Фрэнсис отстранилась, чтобы заглянуть ей в глаза, взяла бледное лицо в ладони:
– Как ты тут? Я просто с ума сходила! Кровотечение прекратилось, надеюсь?
– Не совсем, но почти уже. Но мои не отстают от меня ни на минуту. А я хочу быть с тобой! Они настаивают, чтобы я пожила у них на Уолворт-роуд. Но ты же этого не хочешь, правда?
– Конечно не хочу.
– А они говорят, что хочешь. Они дали мне какое-то снотворное, и… и у меня в голове мутится.
Они дали ей хлородин, вспомнила Фрэнсис. Она повернула лицо Лилианы к свече и увидела, что взгляд у нее остекленелый. Остекленелый, но все равно полный страха. Лилиана схватила ее за запястья и истерически прошептала:
– Что там происходит, Фрэнсис? Что говорят полицейские? Они же все знают, да? Что Лен вовсе не сам упал? Что кто-то ударил его по голове?
Фрэнсис стиснула ее лицо в ладонях:
– Они ничего не знают наверное. И уж точно не знают, кто его ударил.
– Но они же обязаны во всем разобраться. А значит, станут всех расспрашивать. Они наверняка уже поговорили с Чарли и выяснили, что Лен не был с ним вчера вечером. Они начнут увязывать одно с другим. И инспектор, он все поймет, конечно же.
– Да нет, с чего бы вдруг? Они… ну, рассматривают все возможные версии. Только мы с тобой знаем, что произошло на самом деле. И больше никто не знает. Уясни это накрепко. В этом наша сила. Ты должна помнить об этом, когда тебе снова придется разговаривать с полицейскими. Мы обе должны соблюдать предельную осторожность. Лилиана? Ты меня слышишь?

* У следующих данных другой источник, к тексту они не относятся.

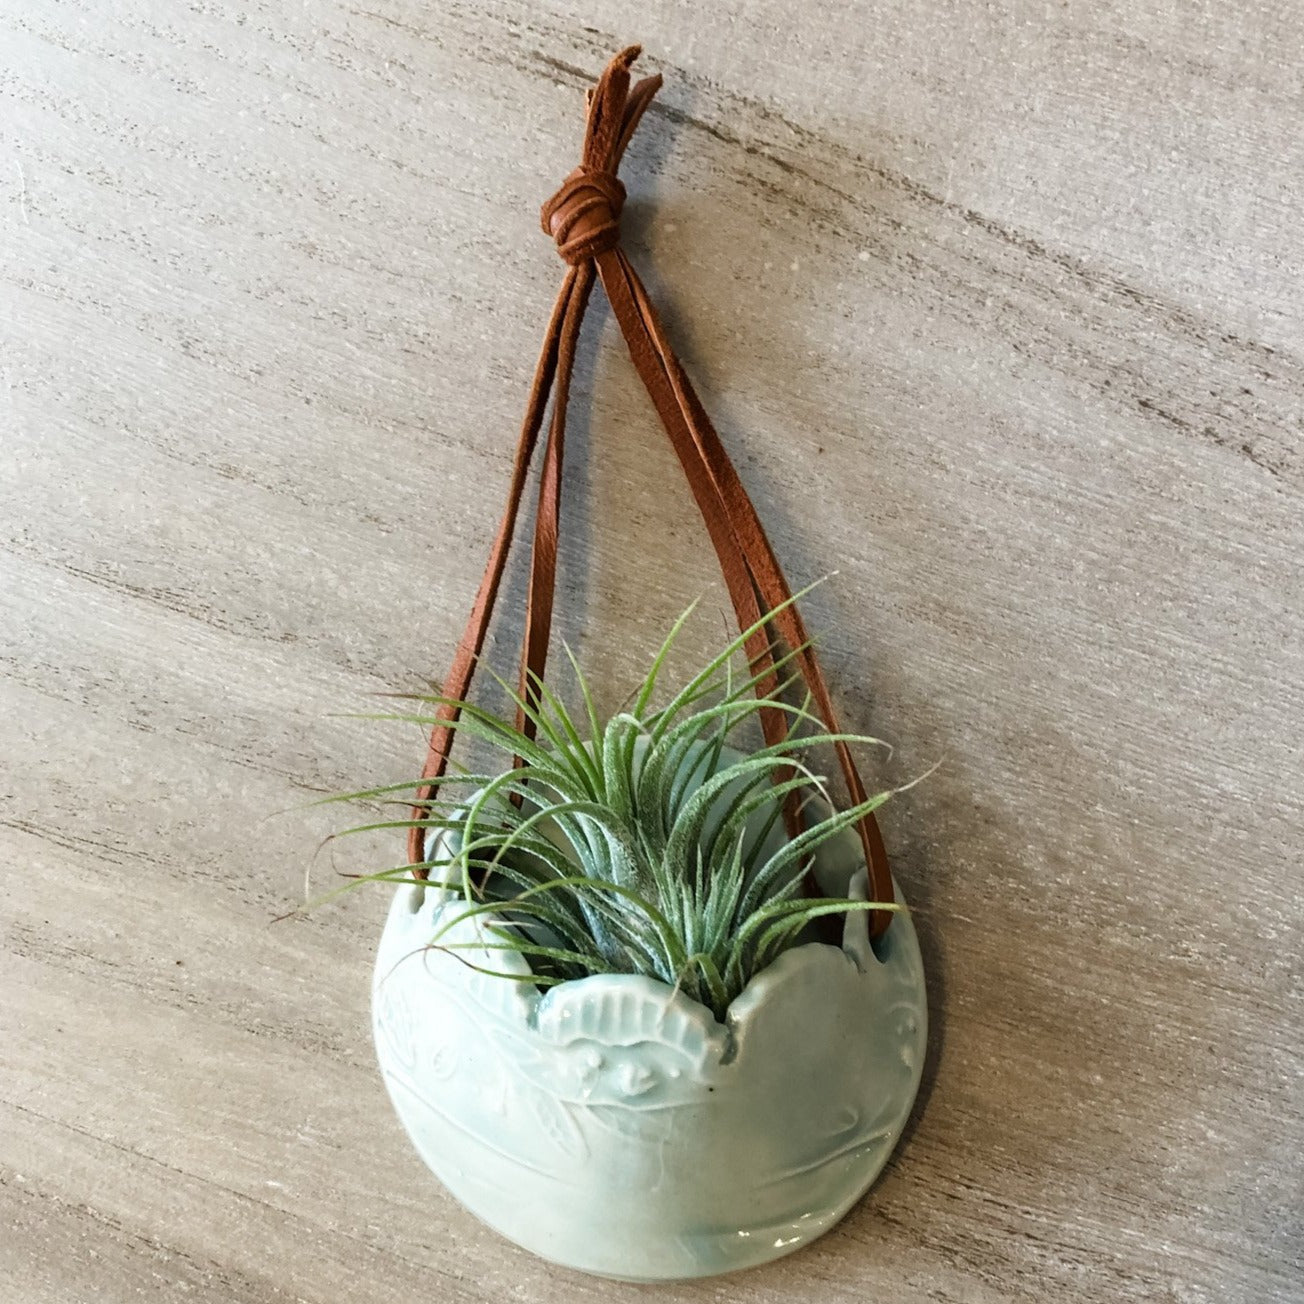 Ceramic Hanging Air Plant Holder - Multiple Colors Available

Лилианин взгляд расфокусировался и бессмысленно блуждал. Сейчас она походила на мать Фрэнсис, которая смотрела не на Фрэнсис, но в глубины своей несчастной души.
Потом Лилиана моргнула и кивнула:
– Да. Да, я буду осторожна.
– По крайней мере, на твоей стороне врач.
Она вздрогнула:
– Врач? Нет, не надо никакого врача!
– В полицейском участке, Лили.
Лилиана с усилием сосредоточила на ней взгляд:
– Такое ощущение, будто это было вечность назад! Матрона заметила, что у меня кровотечение, и мне пришлось как-то выкручиваться. Я сделала вид, будто оно открылось только что, прямо там. Поначалу думала, они мне не поверят. Врач все повторял, что я ну очень уж бледная. Но похоже, он в конце концов поверил. Иначе меня не отпустили бы домой, да?